GIVEN MATERIAL: Begin

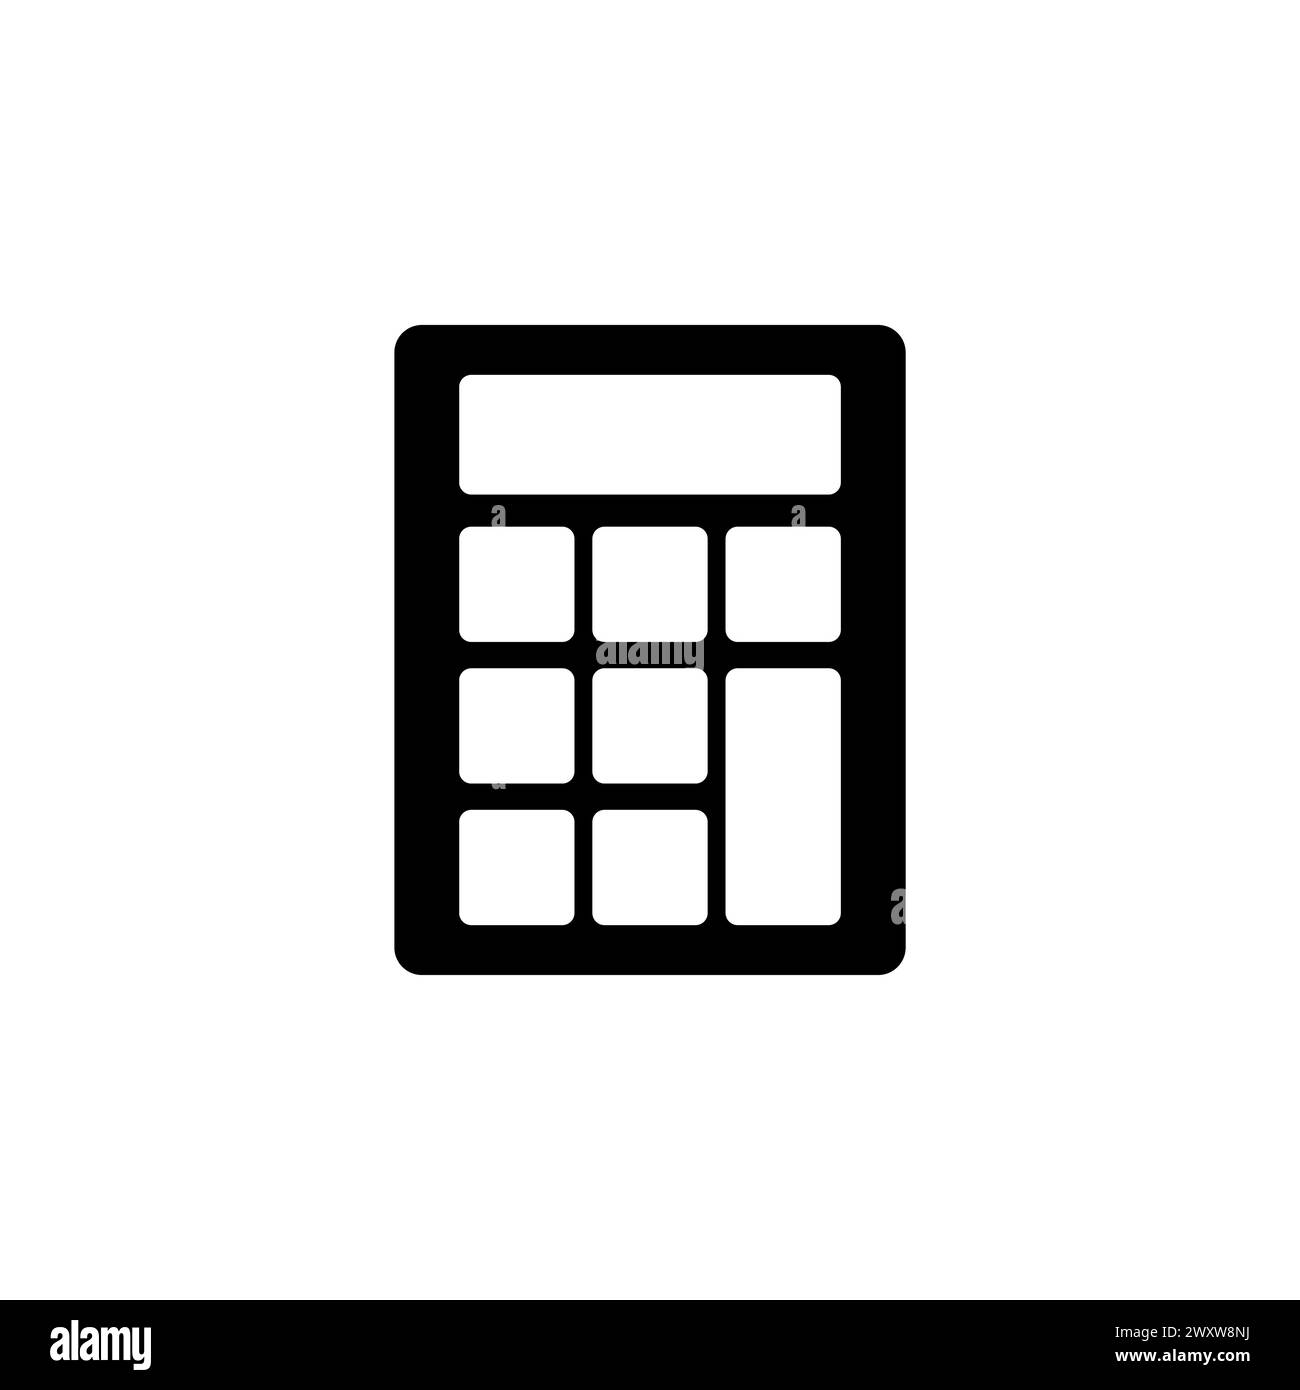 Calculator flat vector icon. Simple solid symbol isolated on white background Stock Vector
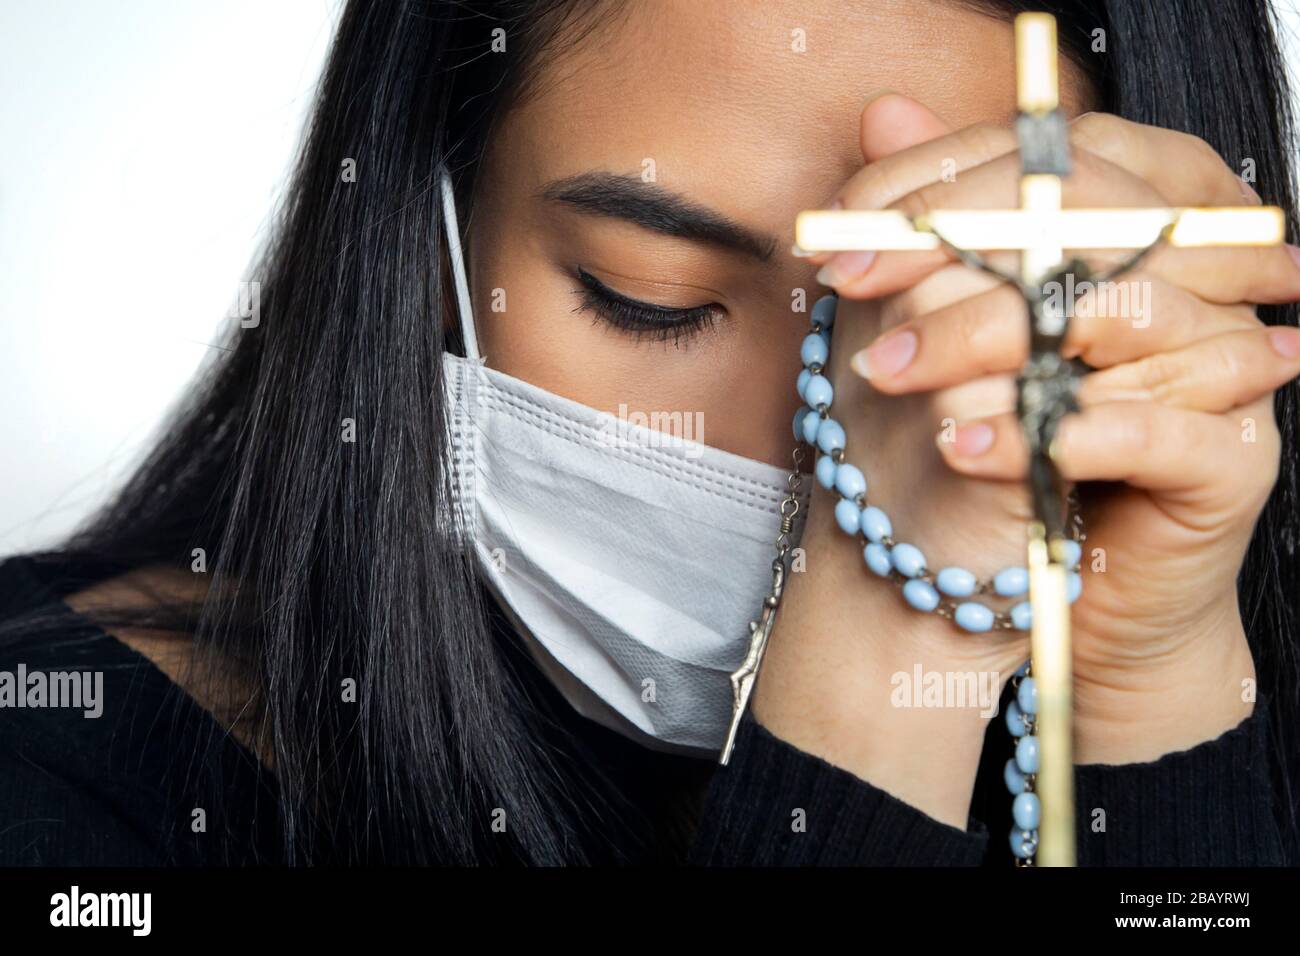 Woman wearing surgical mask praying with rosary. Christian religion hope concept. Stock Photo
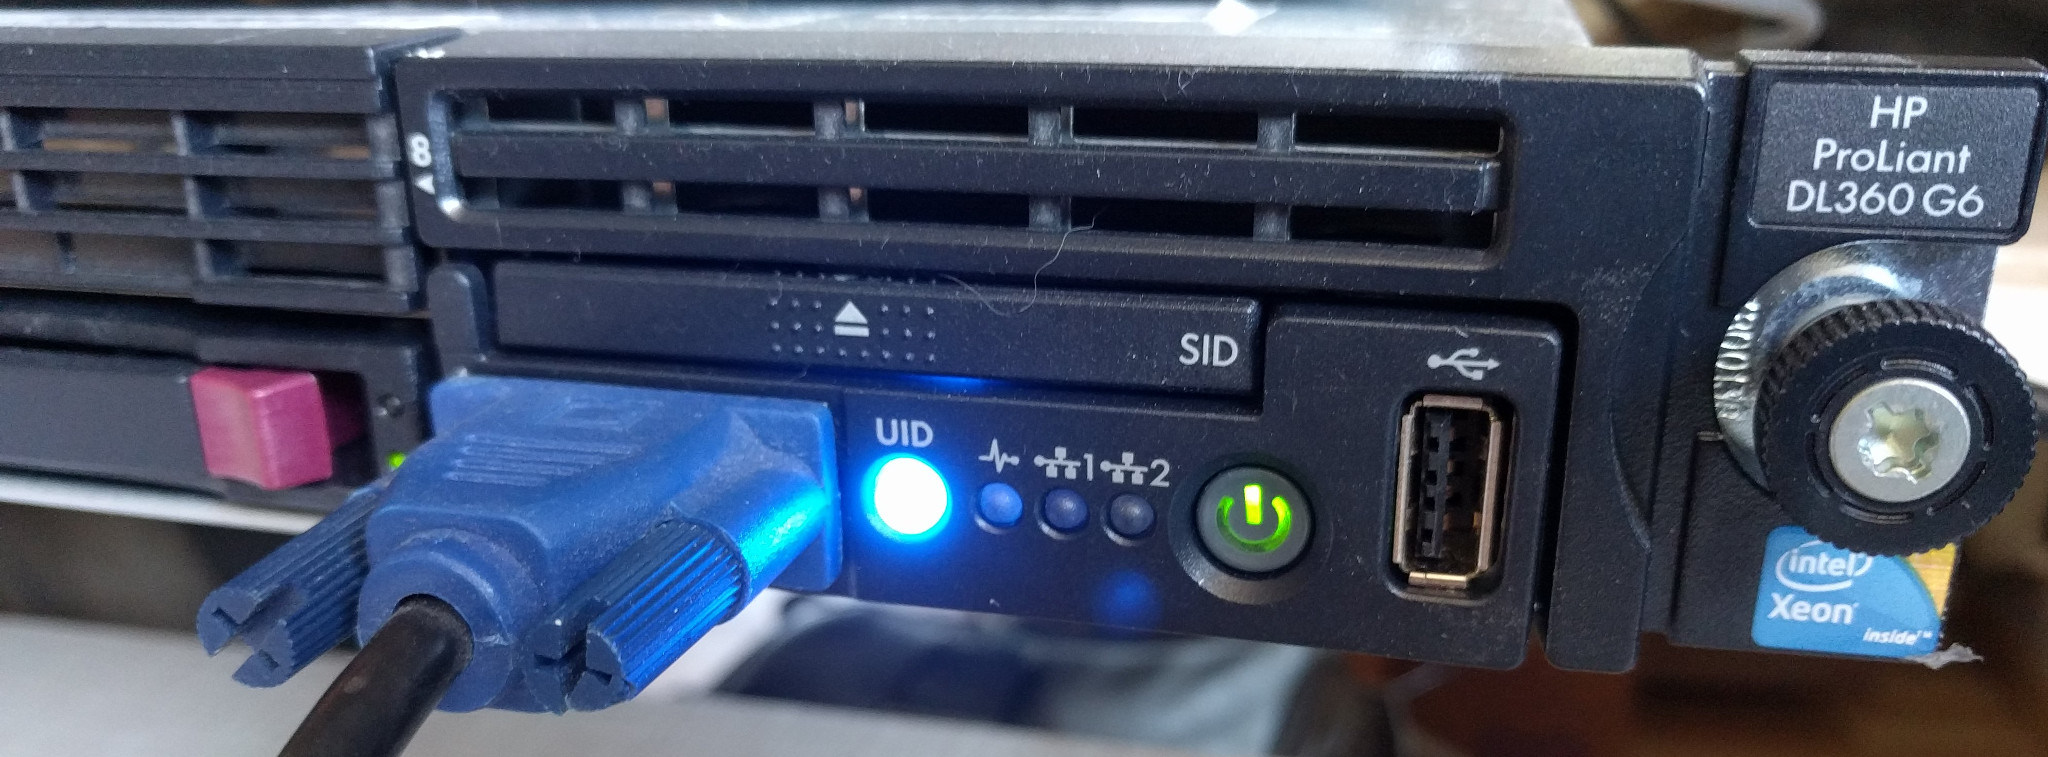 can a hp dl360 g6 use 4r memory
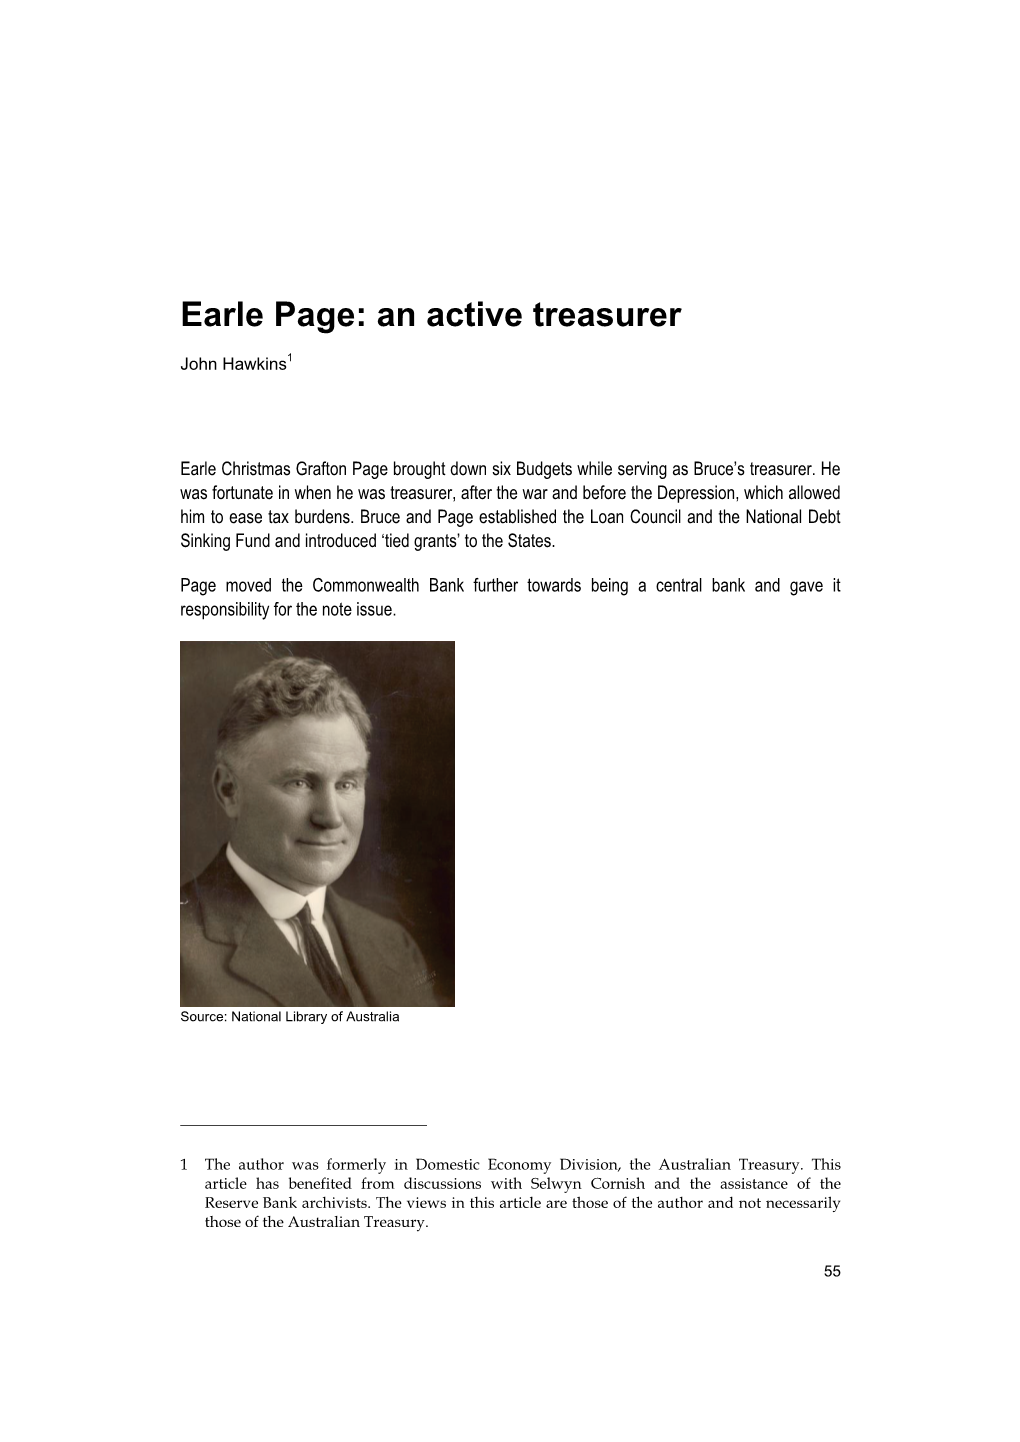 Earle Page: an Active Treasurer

GIVEN MATERIAL: End

→ **YOUR GOAL**: Without including any picture, set down the listing above exactly as it appears.

→ **WRITTEN SOLUTION**:
 Calculator flat vector icon. Simple solid symbol isolated on white background Stock Vector
 Woman wearing surgical mask praying with rosary. Christian religion hope concept. Stock Photo
 can a hp dl360 g6 use 4r memory
 Earle Page: an Active Treasurer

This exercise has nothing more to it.